ILLINOIS (WAND) - The Illinois Move Over Task Force has shared its report on the cause of Move Over Law crashes and proposed ways to protect law enforcement, emergency responders and all drivers.
Gov. JB Pritzker had formed this task force in 2019 following the roadside deaths of Illinois State Police Troopers Brooke Jones Storey and Christopher Lambert. The group looked into the Move Over Law (also known as Scott's Law), which mandates drivers change lanes if they approach stopped emergency vehicles, including highway maintenance vehicles showing flashing lights and any stopped vehicle with hazard lights on. The law requires drivers to proceed with caution, slow down and leave a safe distance until they pass if they can't safely change lanes.
The Move Over Task Force has 17 members and is chaired by Illinois State Police Director Brendan F. Kelly. It met five times in 2020 to determine ways to educate drivers, promote compliance with the law and keep further tragedies from happening.
Pritzker called the protection of troopers and first responders a "top priority for my administration." He said the report is "an important step forward" in work to protect the men and women who serve on Illinois roadways.
A press release from state police said the task force made the following recommendations:
- Adding improvements to the existing Illinois Move Over Law. As written, the law requires vehicles to make a lane change (Move Over) from the stationary authorized emergency vehicle. If a lane change is not available, vehicles must reduce their speed. The Task Force believes for vehicles to “proceed with due caution,” they should always reduce speed. Therefore, laws should say “Move Over AND Slow Down, as opposed to Move Over OR Slow Down.
- Inclusion of distracted driving as an aggravating factor for violations of the Move Over Law.
- Continued support of federal legislation, such as the Protecting Roadside First Responders Act. The Task Force agrees “Move Over” laws should be a new national safety priority in addition to existing federal grant program to increase public awareness
- More flexibility within the Illinois Procurement Code to make public safety-informed decisions on what is best for first responders when it comes to the health and safety of the public. The Task Force recommends the General Assembly pass legislation to encourage swifter acquisition of necessary public safety technology and equipment in the Illinois Procurement Code.

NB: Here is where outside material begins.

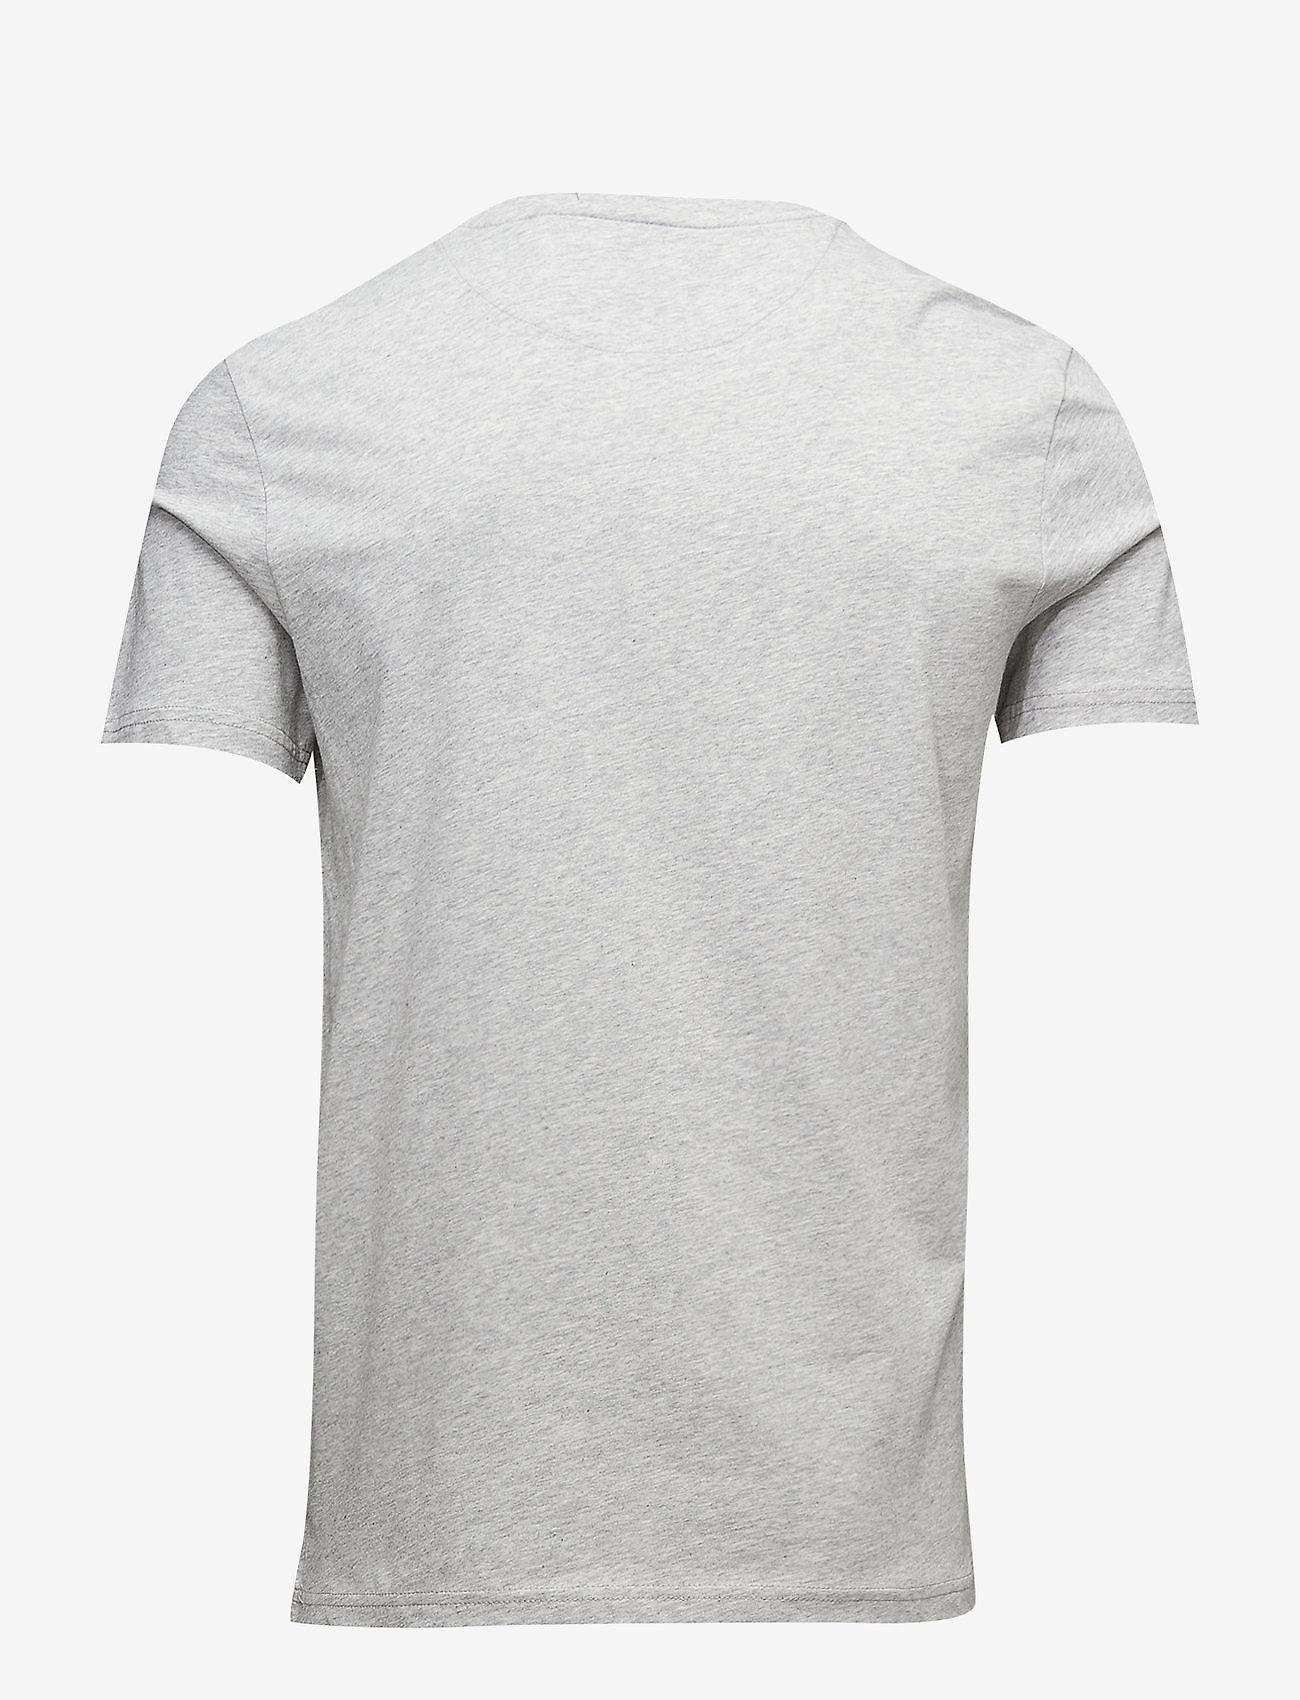 Lyle & Scott Crew Neck T-Shirt - T-skjorter LIGHT GREY MARL - Menn Klær

- Encourage the Illinois Department of Transportation to amend crash reports to capture “Move Over” law crashes and the Administrative Office of Illinois Courts to amend traffic citations to included a box to denote “Move Over” law violations. This would allow the better, more precise collection of data across all law enforcement agencies.

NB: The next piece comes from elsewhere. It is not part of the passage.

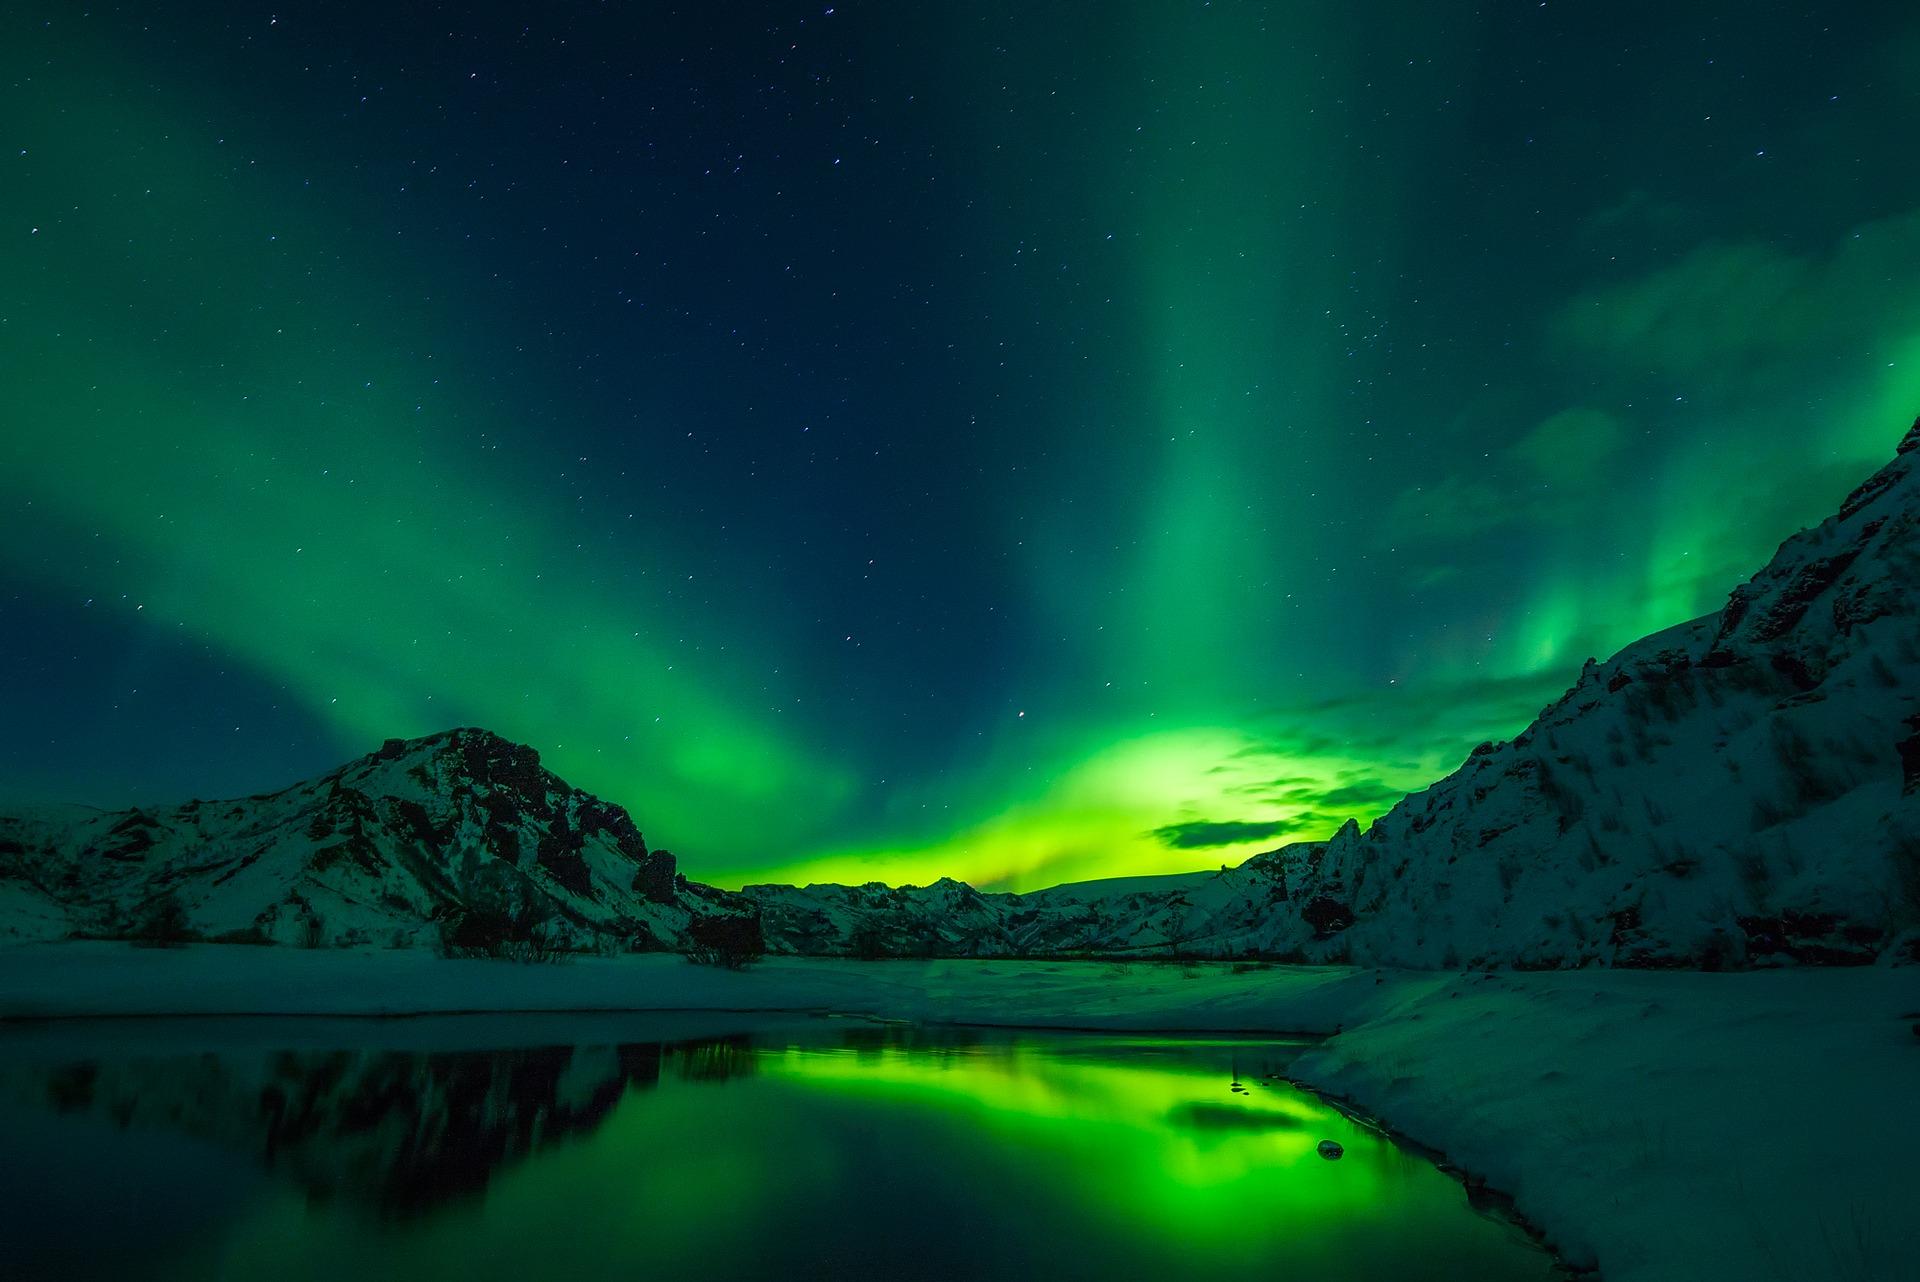 Islande aurores boréales

- Encourage all organizations with traffic safety-oriented missions to continue their efforts educating the public on the Move Over laws and to continue to research and develop new technology and evaluate what other law enforcement agencies are doing to mitigate the risk.
Along with its recommendations, the task force spent time looking into crash-avoidance technology. This included systems that use an alert to let drivers know they're approaching an emergency vehicle on the shoulder of the road, giving them more time to slow down and move over.
Troopers said ISP has worked to use technology that reduces the amount of time they spend on the side of roads working crashes, conducting inspections and competing traffic stops. ISP has announced new squad cars will have push bumpers that allow troopers to remove traffic-obstructing vehicles from roads when possible.
“We have lost so many first responders unnecessarily as they do their jobs on the side of the road,” said State Sen. Dan McConchie, a task force member. “It is the job of every driver to slow down, move over and do everything possible to protect our law enforcement, fire and EMS, and highway workers who are willingly putting themselves in harm’s way every day. I hope this task force’s work will help us save lives. I look forward to continuing to work on this issue in the months and years to come to make Illinois roads safer for everyone.”
“While progress has been made and public awareness has increased regarding Move Over laws, the daily threat to all first responders remains far too high,” said Kelly. “The good work of this task force advances the cause of protecting roadside first responders, but there is still more work to be done.”